▶ _DATA SHOWN_:
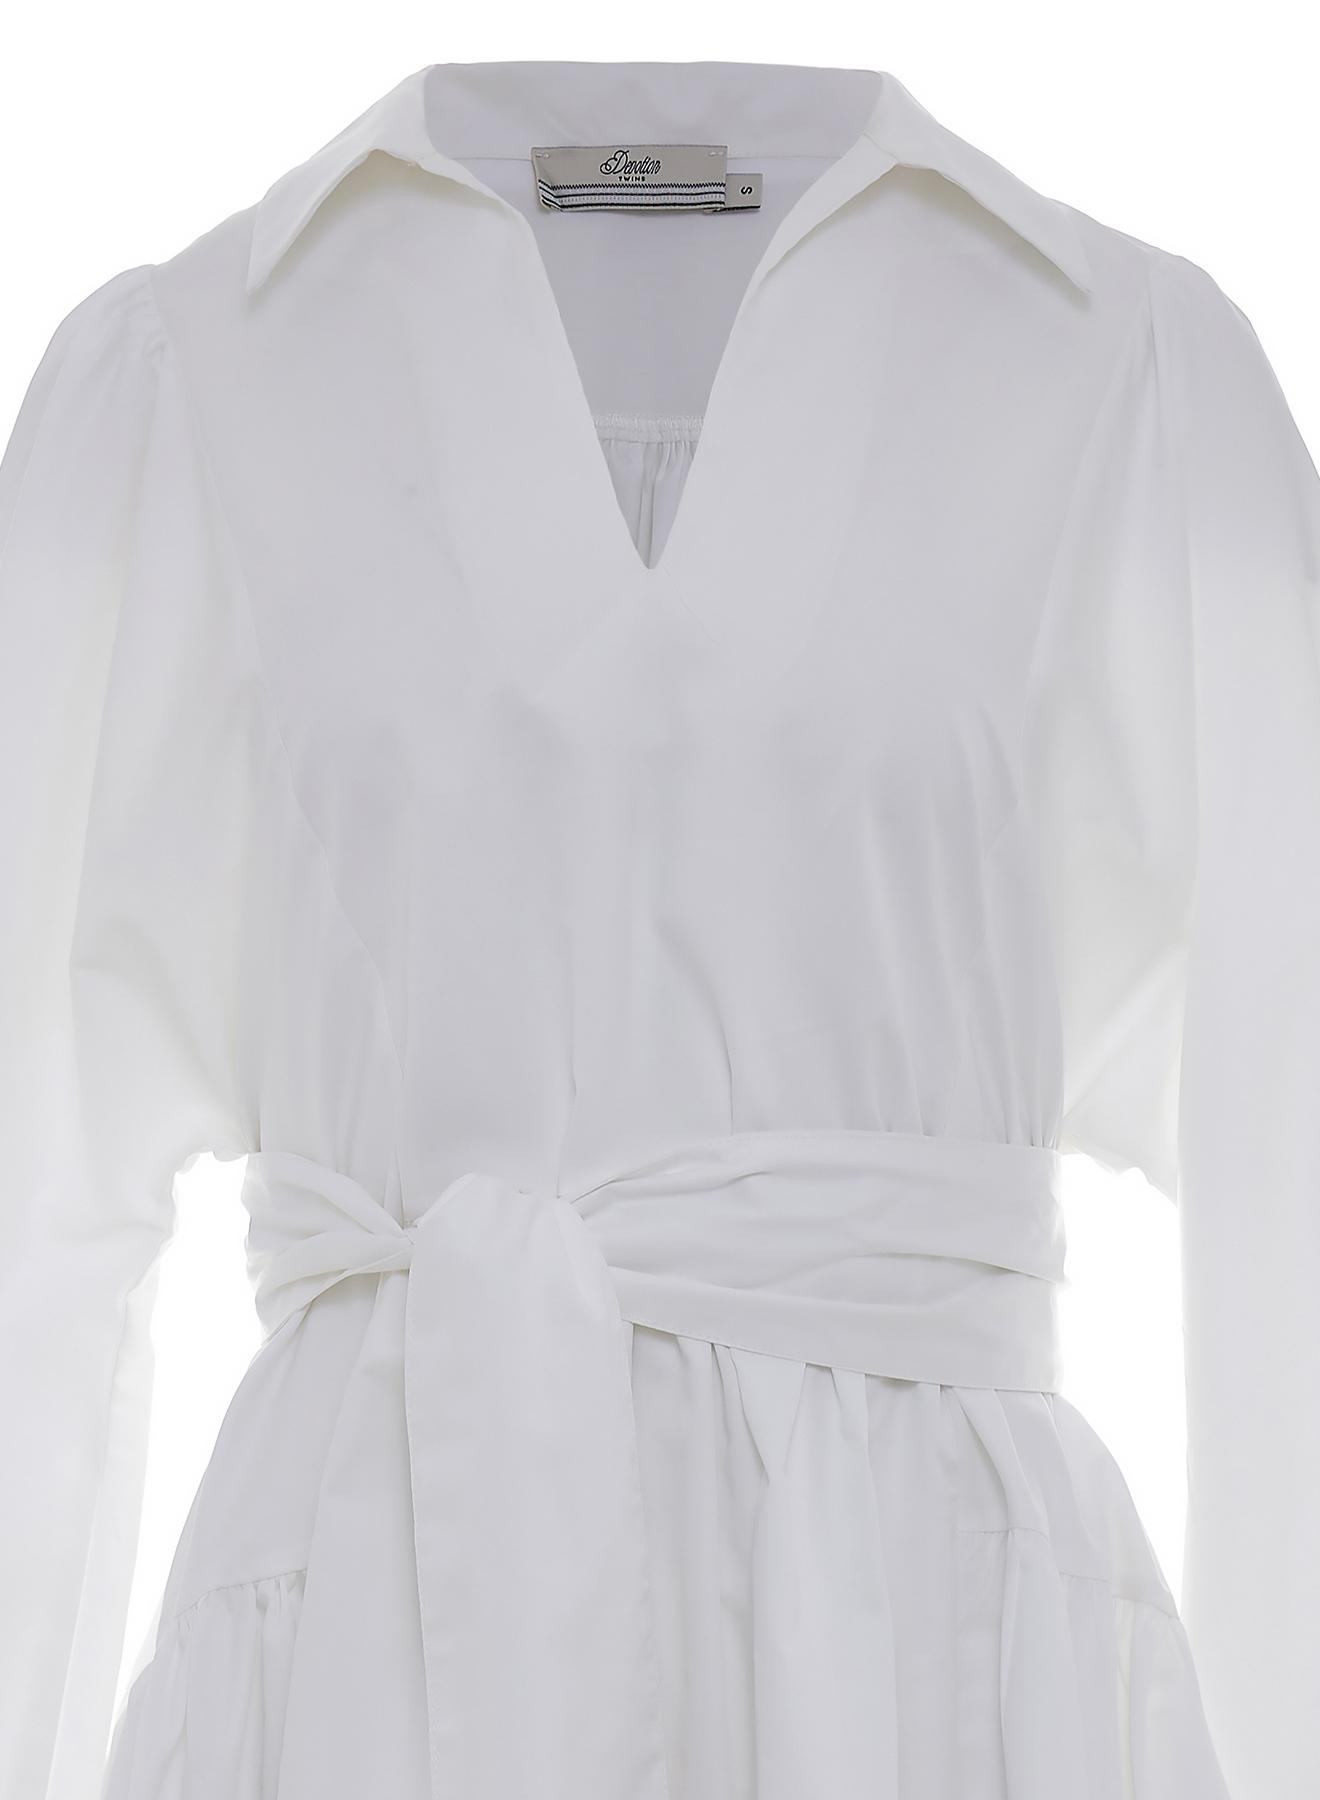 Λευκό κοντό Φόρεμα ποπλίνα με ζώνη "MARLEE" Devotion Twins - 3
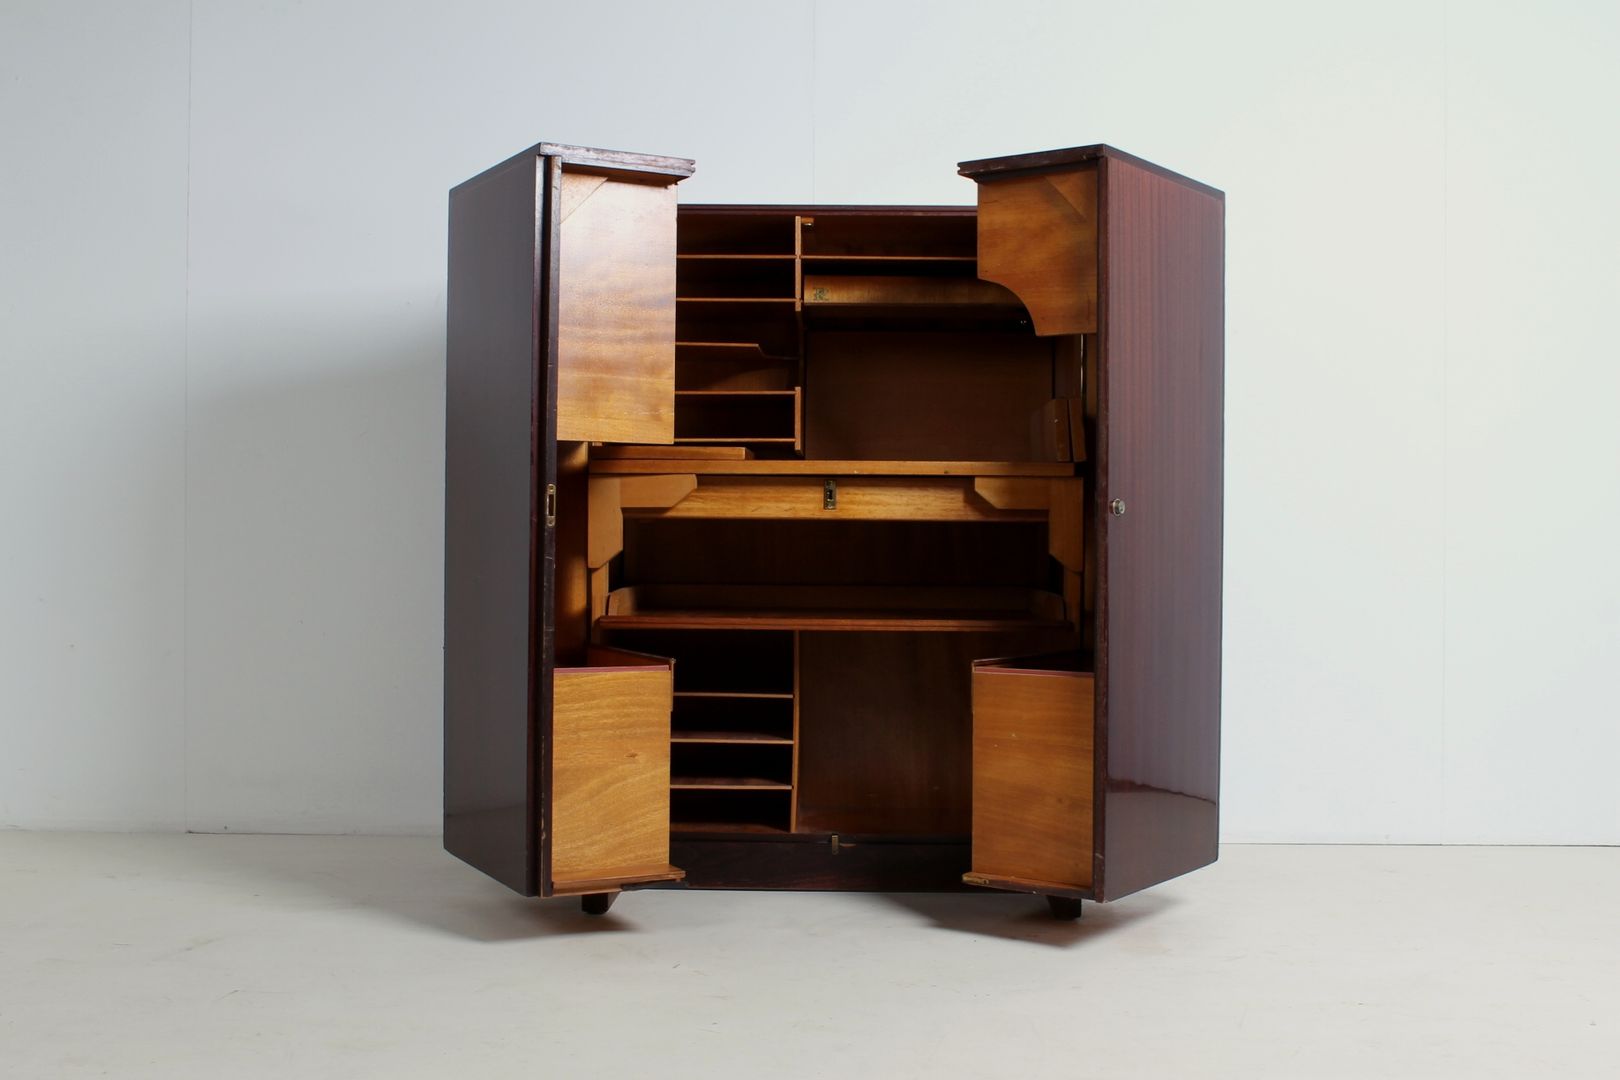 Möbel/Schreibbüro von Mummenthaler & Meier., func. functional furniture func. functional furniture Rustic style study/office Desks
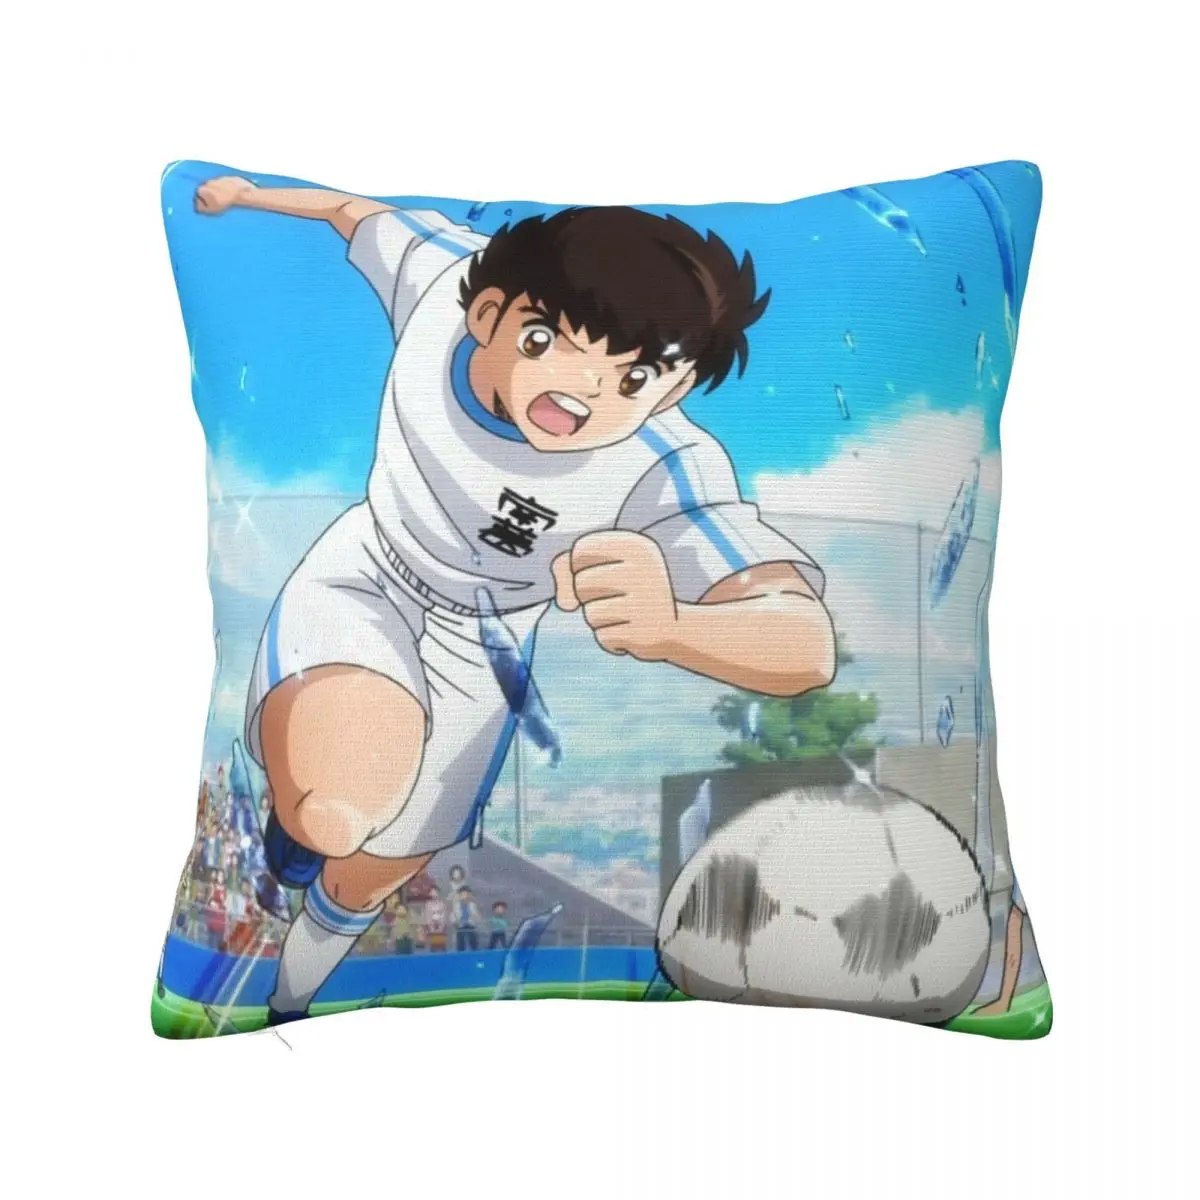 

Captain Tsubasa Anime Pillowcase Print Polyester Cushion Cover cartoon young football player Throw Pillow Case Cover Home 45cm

▶ _YOUR OBJECTIVE_: When you write out the material, keep every line exact and leave out each picture.

▶ _REPLY_:
 Λευκό κοντό Φόρεμα ποπλίνα με ζώνη "MARLEE" Devotion Twins - 3
 Möbel/Schreibbüro von Mummenthaler & Meier., func. functional furniture func. functional furniture Rustic style study/office Desks

Captain Tsubasa Anime Pillowcase Print Polyester Cushion Cover cartoon young football player Throw Pillow Case Cover Home 45cm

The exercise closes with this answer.